Talks with SA Rugby have begun after its standing within SANZAAR appears to have been diminished, with the Springboks not taking part in The Rugby Championship this autumn while the All Blacks and Wallabies will play two Tests prior to the competition.
Last month it became known that the Cheetahs would play no part in the 2020-21 PRO14 season until January, while the Southern Kings were liquidated by SA Rugby following years of financial toil. The first round of the new season kicks off next weekend on October 3.

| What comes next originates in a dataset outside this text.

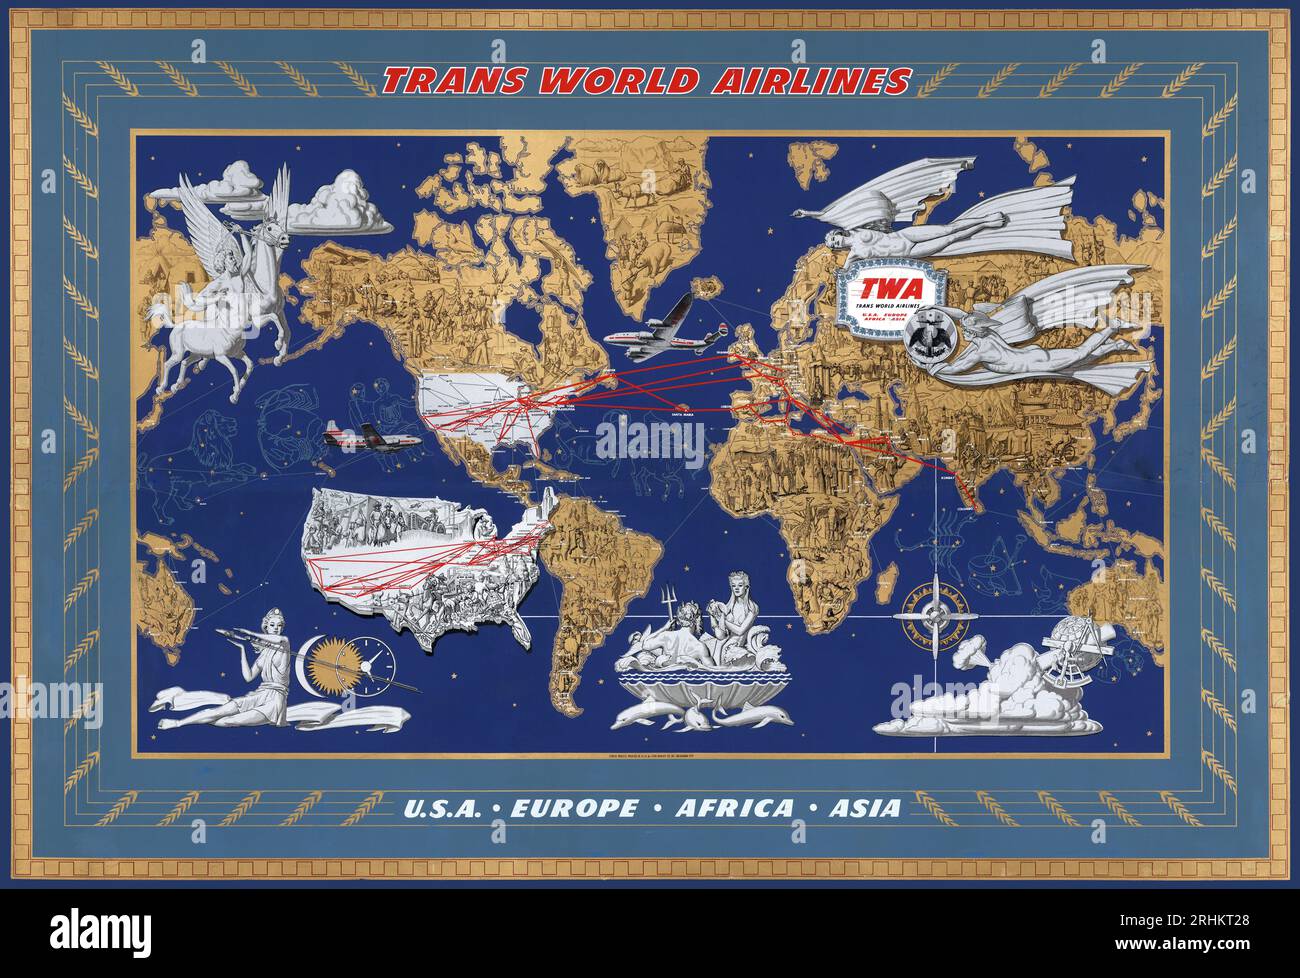 Dekorative Bildkarte der Welt - Trans World Airlines, TWA Airline Poster - Reiseplakat, 1946 Stockfoto
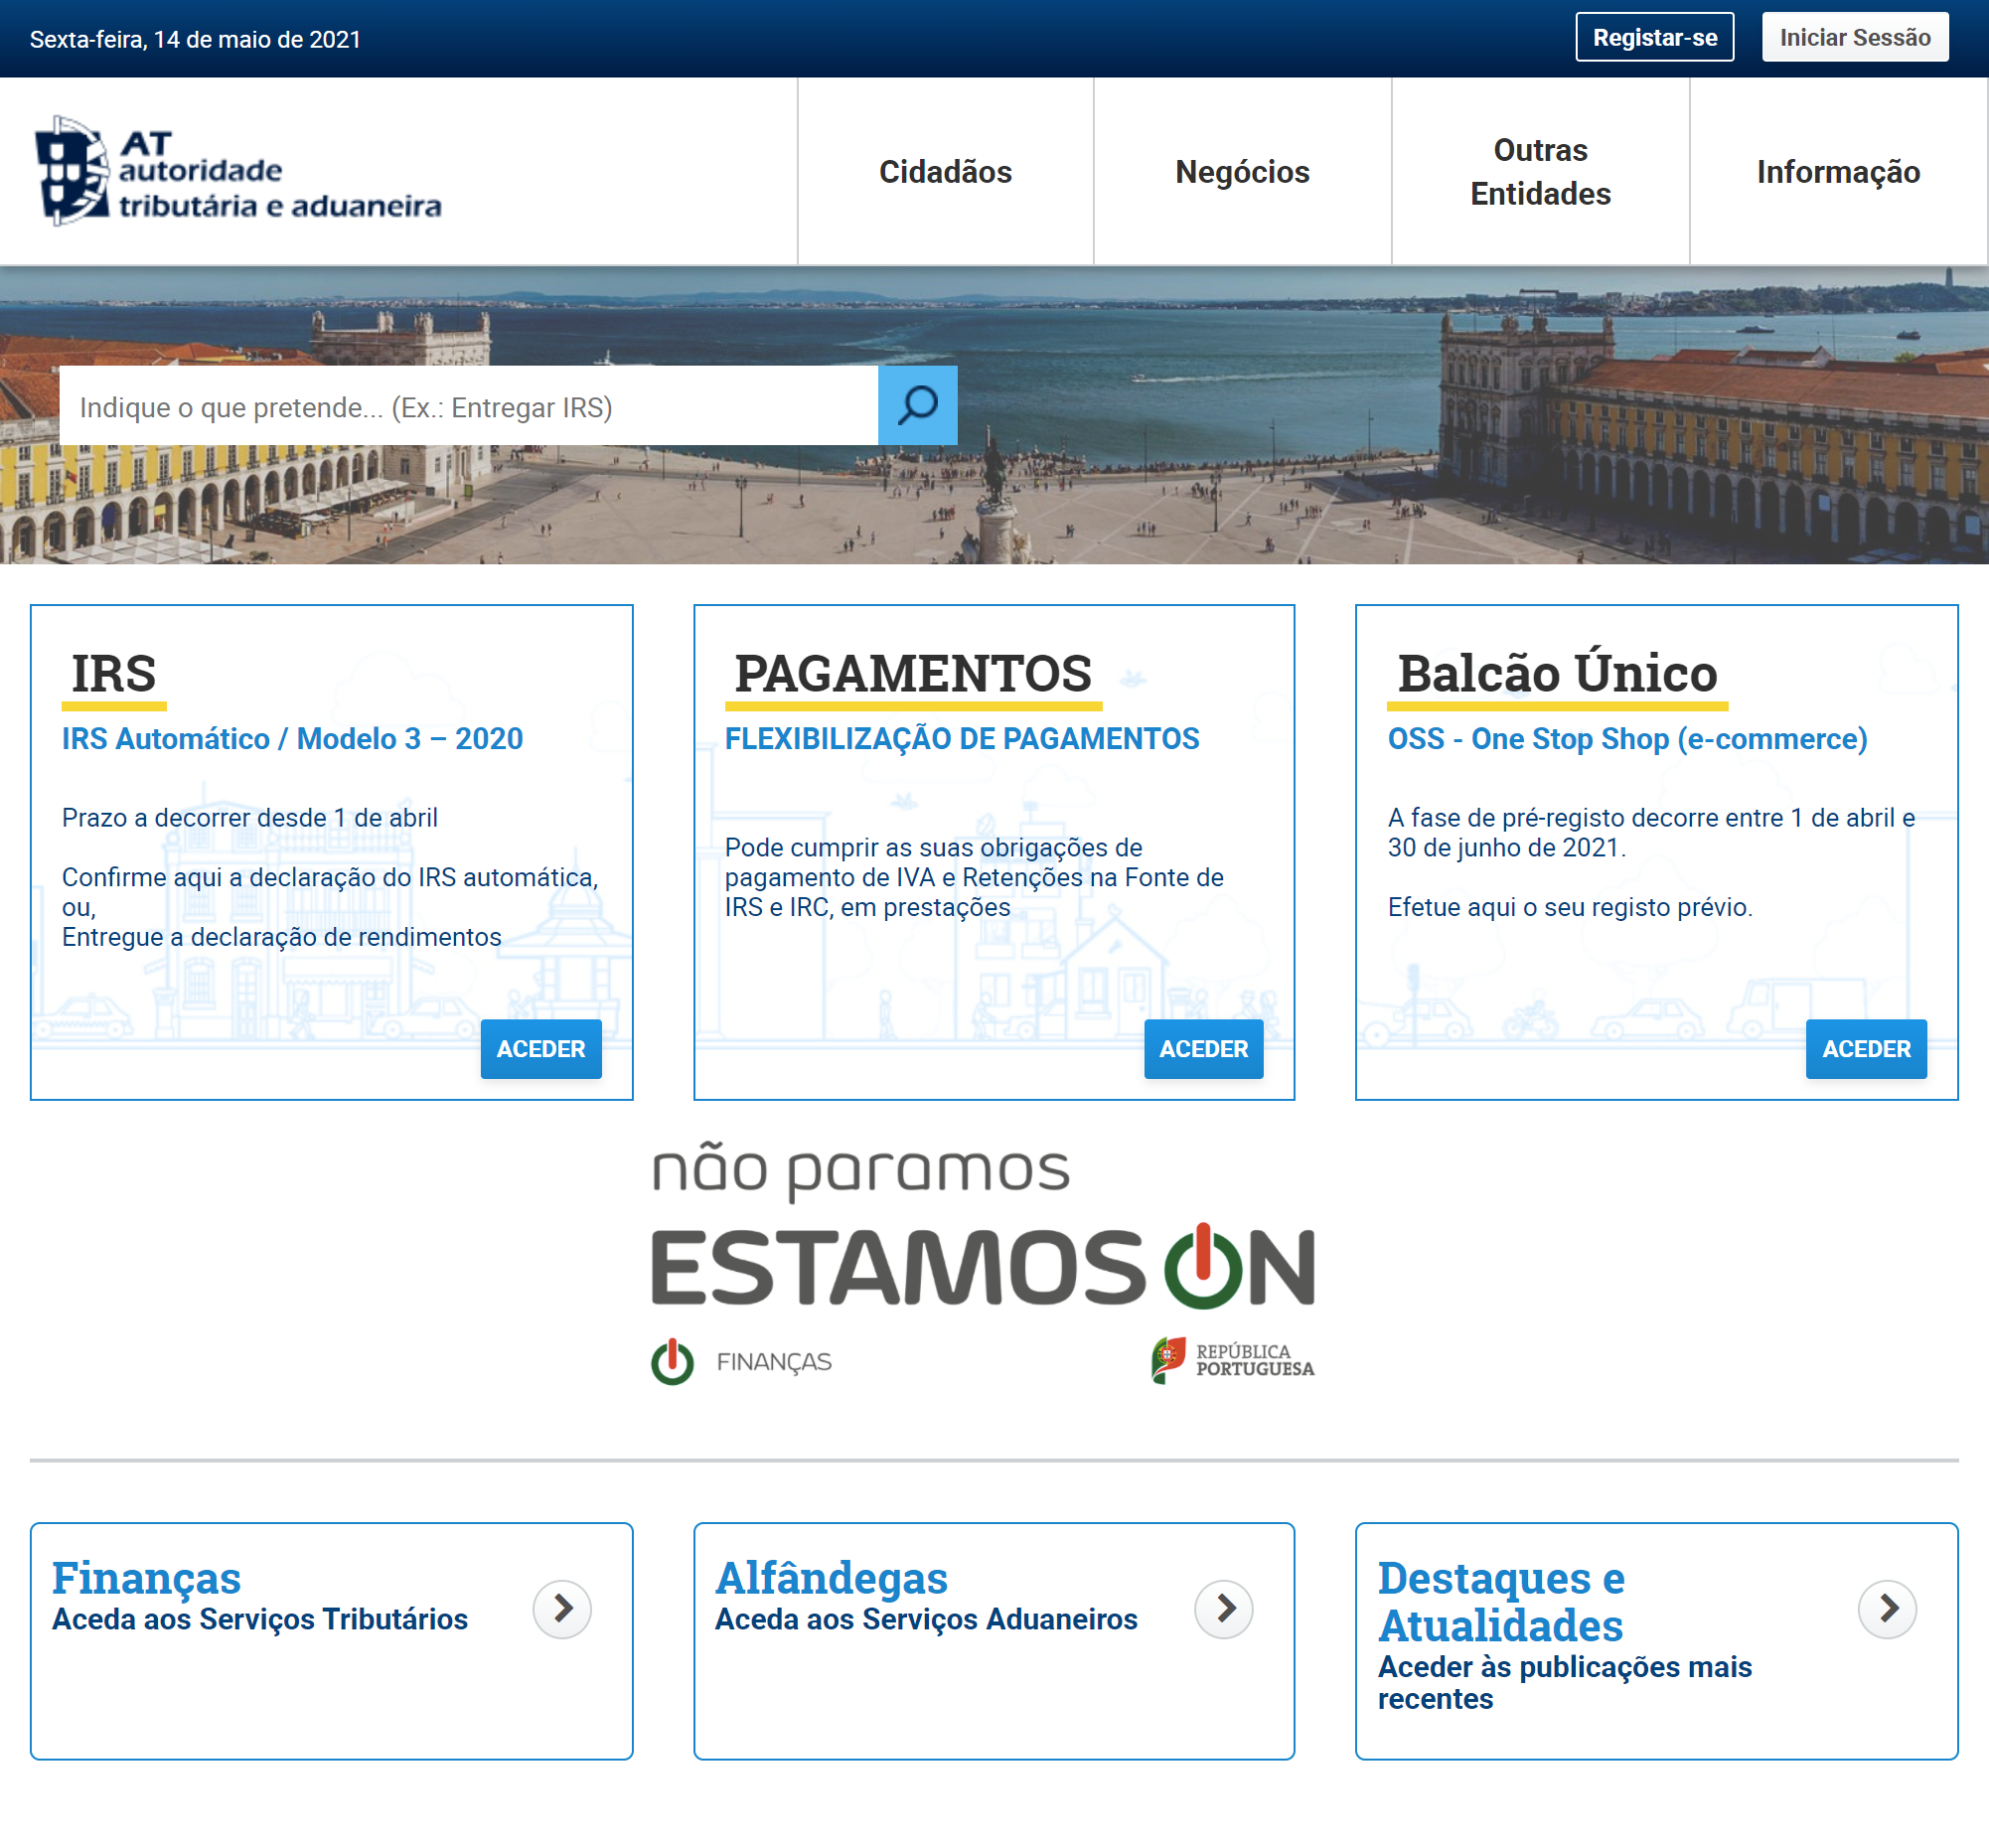 Сайт Autoridade Tributária e Aduaneira — налоговой службы. На мой взгляд, это самый адекватный госорган в Португалии: практически все действия можно совершить онлайн

In a statement released on Wednesday morning, PRO14 Rugby explained: “SA Rugby’s long-standing commitments are to field two teams in the Pro14 and in light of the withdrawal of the Southern Kings, discussions are on-going about fulfilling this agreement from 2021 using a replacement team from its current professional franchises.
“Additionally, both Pro14 Rugby and SA Rugby are in early discussions about potentially expanding the tournament and deepening our partnership to include more South African franchises from 2021.”
For the Sharks, Lions, Stormers and Bulls to also join the competition, it has been reported that the Cheetahs would lose their place meaning the competition would be the ‘PRO16’. Such a step would add further rancour to the situation within South African rugby after the Kings were made insolvent.
SA Rugby have addressed its need to curtail its spending by making £56m worth of cuts, to the detriment of the Kings and the Eastern Province Union.
“The history of the Kings has been one of expectation and anticipation but unfortunately the parallel story of commercial failure couldn’t be wished away any longer,” SA Rugby president Mark Alexander said.
“The debts the organisation has accumulated over the years are considerable and in the current environment, the only certainty was that they would grow.
“The membership of SA Rugby has invested heavily in the Kings project but it is now time for a re-examination of what is the appropriate and sustainable pathway for rugby in the Eastern Province.”